Mamma always said "Stupid is as stupid does"


----------



## GusPolinski (Jan 21, 2014)

arbitrator said:


> *Yesterday would have marked the 32nd Anniversary between me and my first wife, had it all not ended so sanctimoniously some 13 years later, due to her shacking up with a company VP of hers in order to snag a big promotion!
> 
> So yesterday, I receive a text message from her to the effect of "Do you remember what you were doing 32 years ago at this moment?"
> 
> ...


"Making one of the two biggest mistakes of my life."


----------



## NJ2 (Mar 22, 2017)

Hah! Shes having some major regrets from fond memories- you must have been good in the sack!


----------



## GusPolinski (Jan 21, 2014)

Maybe follow that up with...

"The children are grown; there is no longer any reason for us to communicate. Lose my number."


----------



## Don't Panic (Apr 2, 2017)

Ha! I think it's regret too....and who could blame her. Smile to yourself over her loss


----------



## arbitrator (Feb 13, 2012)

*I did stay in periodic contact with this ex over the span of Hurricane Harvey as she clearly resides in the Houston/Galveston flood plain and our grown boys both expressed concerns about their old home that she's still living in there flooding! 

Thankfully it didn't! *


----------



## Andy1001 (Jun 29, 2016)

Andy1001 said:


> Message her back and tell her with extensive self control you have managed to block out all the negative things that happened in your life so could she give you a hint.
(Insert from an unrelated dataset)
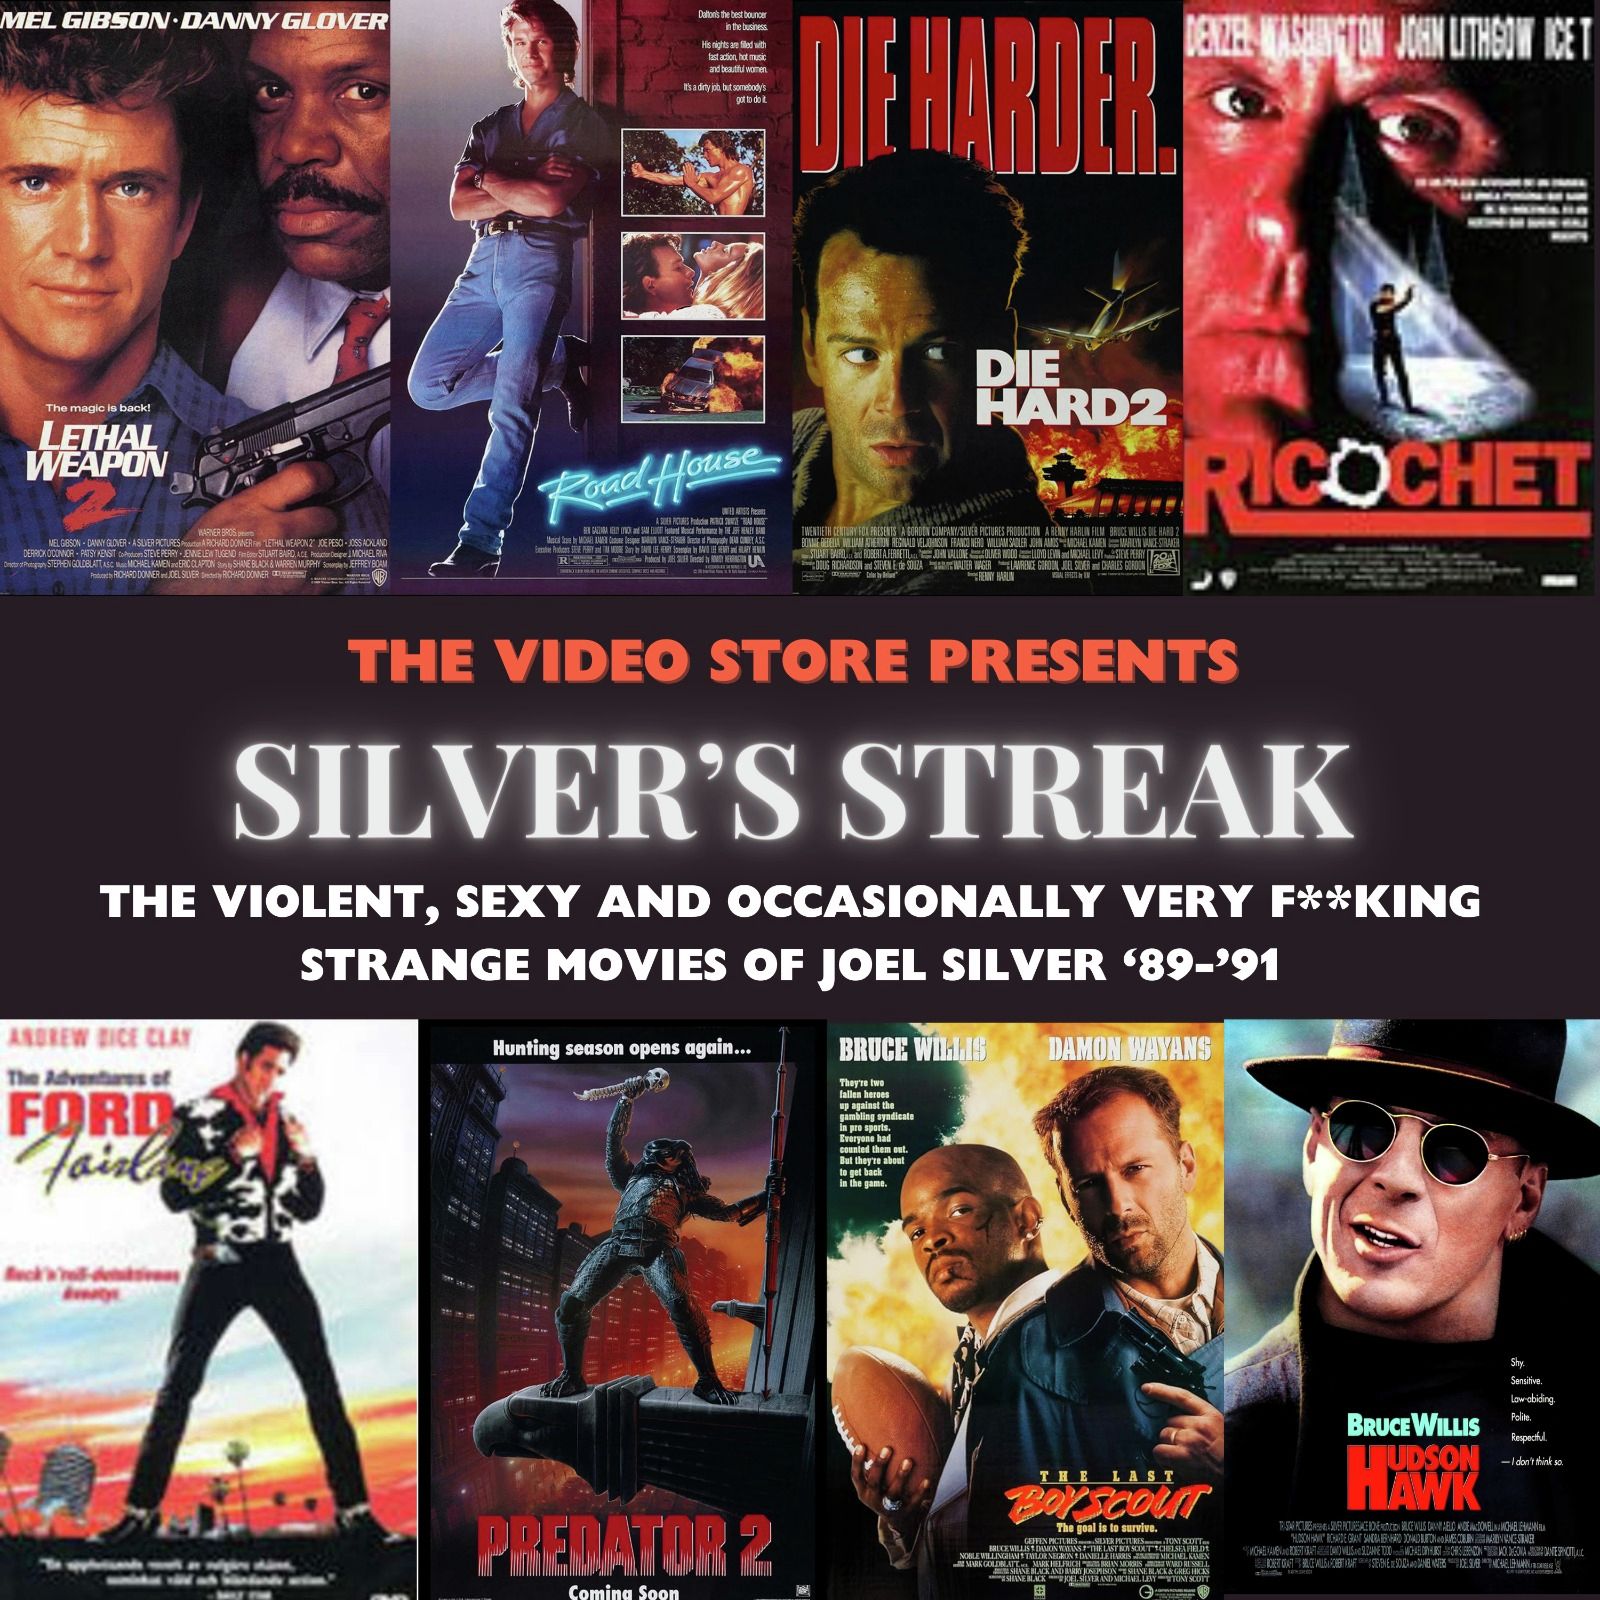 The Video Store Presents: Silver's Streak Vol. 2 -  The Adventures of Ford Fairlaine & Die Hard 2

Now if you really want to be nasty you could say you remember what you were doing thirty two years and one day ago.
Having sex with two twin sisters that you met the night before your wedding.


----------



## arbitrator (Feb 13, 2012)

NJ2 said:


> Hah! Shes having some major regrets from fond memories- you must have been good in the sack!


*Let's just say that I couldn't make myself want to stick it in that, even if I gleefully ingested a 10 lb. bag of cocaine!*


----------



## dubsey (Feb 21, 2013)

"I stood before God and our friends, and apparently watched you utter what would ultimately be a series of lies. Godspeed"


----------



## arbitrator (Feb 13, 2012)

citygirl4344 said:


> I'd just delete it and not even message her back.
> 
> 
> 
> Sent from my iPhone using Tapatalk


*It's kind of tough in that she constantly worries about both the academic and social lives of our sons! She singles me out because neither of them will talk to her very much, if at all!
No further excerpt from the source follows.